This review summarize the most recent findings on the molecular mechanisms underlying the antitumor activity of sanguinarine both in vitro, in a variety of human tumor cells, and in vivo in selected experimental tumor models, together with the rationale of its potential application in clinical practice.
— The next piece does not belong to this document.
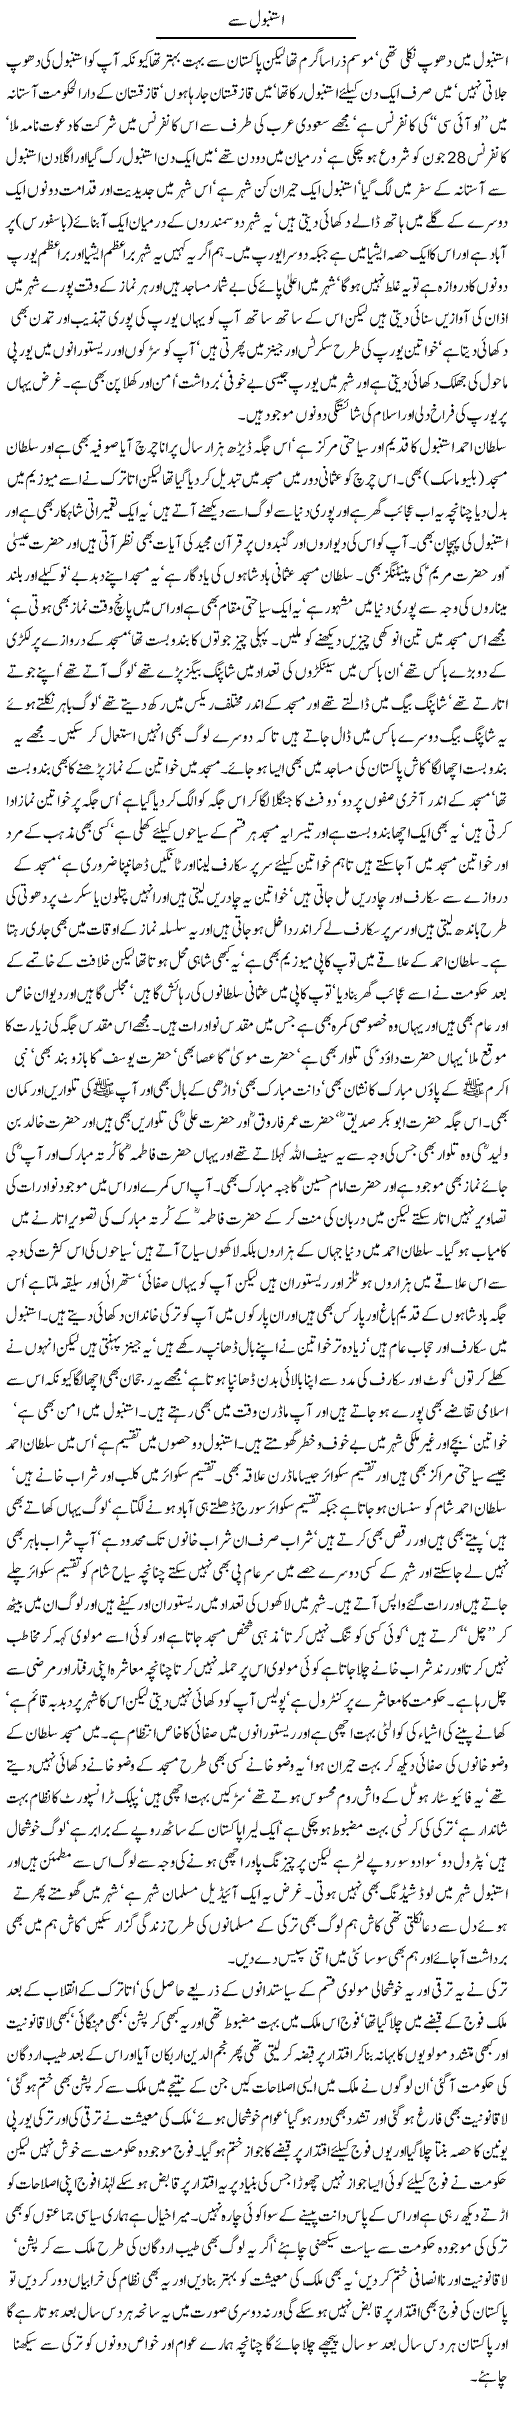 From Turkey Express Column Javed Chaudhry 30 June 2011

Physiologically, the human body controls homeostasis by eliminating damaged and aged cells by means of a genetically programmed process named apoptosis[17,18]. Tumor cells evade apoptosis and grow indefinitely. Several proteins, among which are caspases, pro-apoptotic Bax and anti-apoptotic B cell lymphoma (Bcl)-2, cytochrome c, and apoptotic protease activating factor -1, carry out the apoptotic programme either by intrinsic or extrinsic pathways. The first one is dependent on mitochondria, whereas the second one is initiated by the so-called death receptors (DRs). Selected anti-apoptotic proteins, among which Bcl-2, have been found over-expressed in different types of cancers. The down-regulation of anti-apoptotic proteins in cancer cells represents a promising therapeutic strategy of intervention in cancer therapy.

A number of plant-derived agents, have been shown to be capable of hampering disease progression by inducing cell apoptosis in multiple types of human and experimental cancers. Recently QBAs, and particularly sanguinarine, have been indicated as potential anti-cancer compounds. In detail, it has been reported that micromolar concentrations of sanguinarine are capable of inhibiting tumor cell growth, and this inhibitory effect is associated with cell cycle arrest and induction of apoptosis[19-22]. The anti-proliferative and/or pro-apoptotic activities of sanguinarine have been demonstrated in in vitro studies on several cancer cell types including epidermal[23], keratinocyte[24,25], prostate[26-28], cervical[29], breast[20,30-33], leukaemia[34,35], lymphoma[36], melanoma[37-39], colon[40,41], colorectal[21], gastric[42], pancreatic[19], lung[22], neuroendocrine[43], osteosarcoma[44], and human neuroblastoma cells[45]. By contrast, there are few studies on the in vivo effectiveness of sanguinarine administration per os[46,47] in animal tumor models[33,48].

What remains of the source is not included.